Maximizing the Home Office Deduction

Maximizing the Home Office Deduction

The Home Office Deduction is still alive and well…don’t let any accountant tell you otherwise. There are several strategies on how to maximize the Home Office Deduction. It is NOT high risk and every good business owners should take advantage of a home office write-off.

The Myth

Before I get into the requirements and your options for deducting the home office, keep in mind that I’m sick and tired of hearing new clients and students of mine explain that their personal accountant is ‘afraid’ to take this deduction and explain it’s ‘high risk’.  That simply isn’t true.  As long as you are entitled to take it, aren’t too aggressive, and take use the proper method/strategy there is nothing to worry about.  Even if you are audited, you shouldn’t shy away from taking a deduction when you are legally able to do so.
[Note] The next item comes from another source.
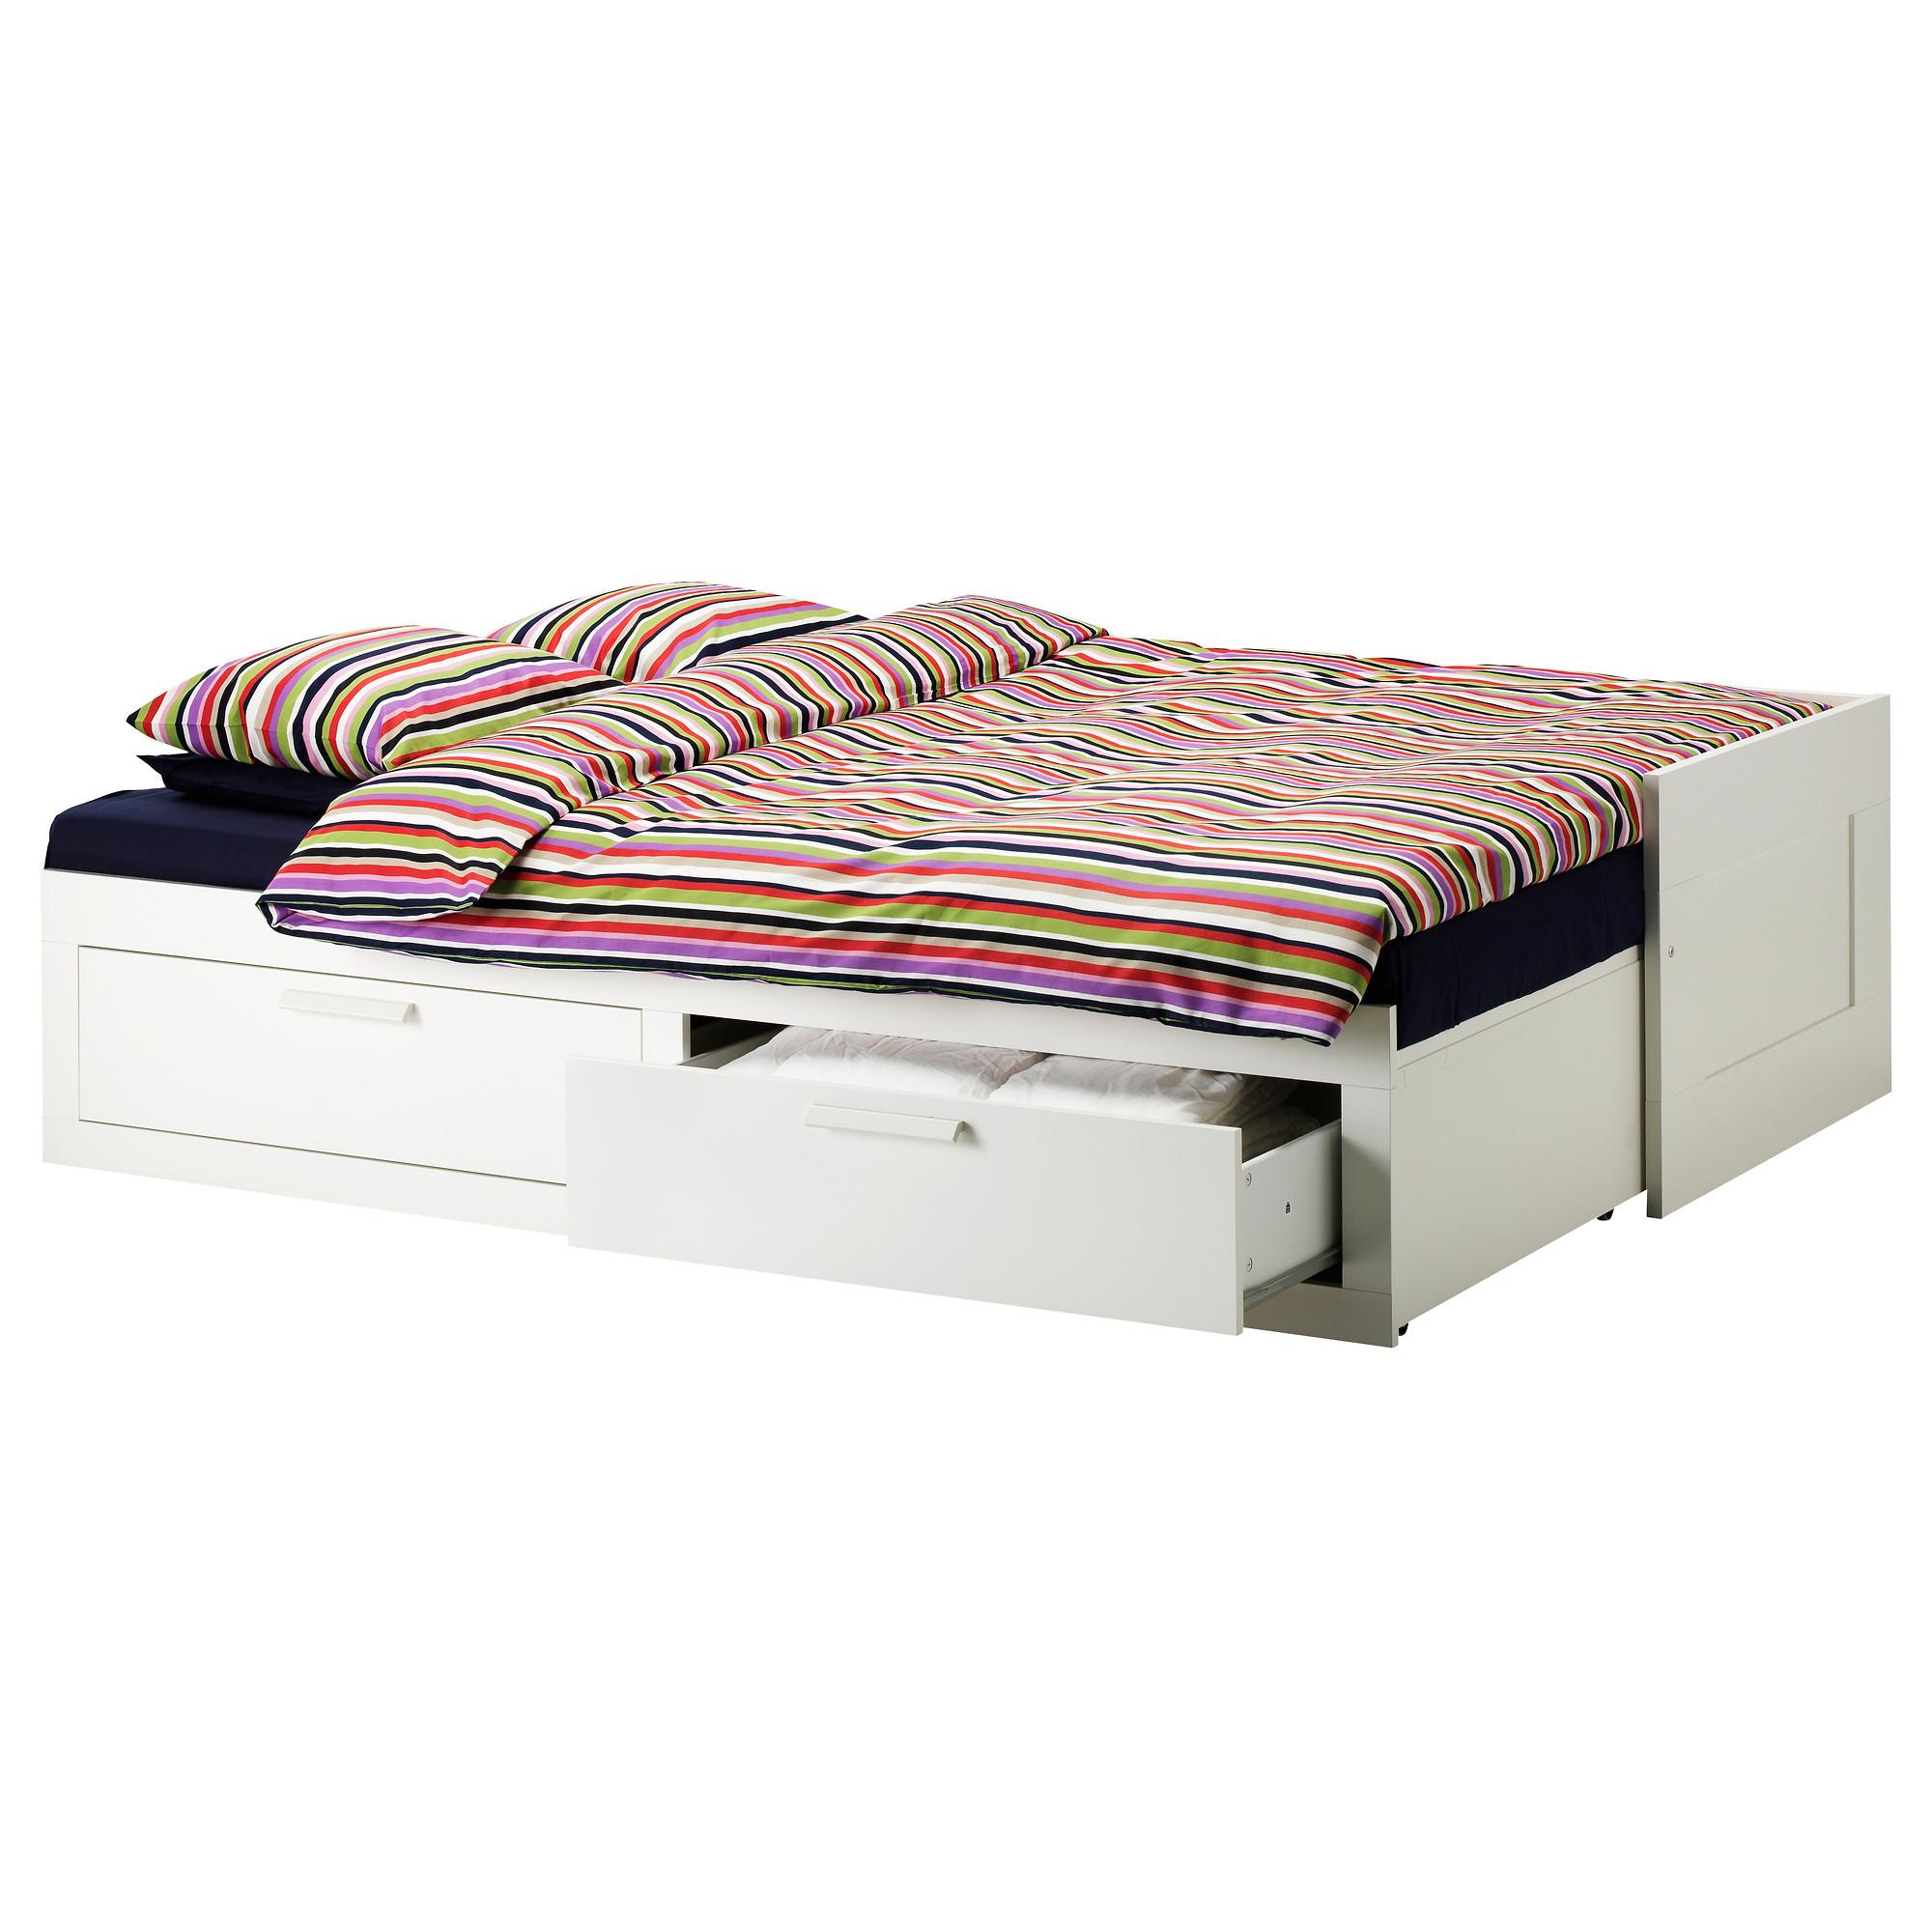 Ikea Tagesbett Brimnes : the comfortable and beautiful designs of ikea bed frame ~ Watch28wear.com Haus und Dekorationen

FIRST:  The Requirements to Claim the Deduction

Before you can talk about ‘how’ you take the deduction, you want to make sure you ‘can’.  There are two basic requirements for your home to qualify as a deduction:

      1. Regular and Exclusive Use. You must regularly use part of your home exclusively for conducting business. Now I know the word ‘exclusively’ may concern you.  However, as long as it isn’t your bedroom or the kitchen, even a portion of a studio apartment will qualify.  Just make sure you have a desk and a computer reflecting the business use.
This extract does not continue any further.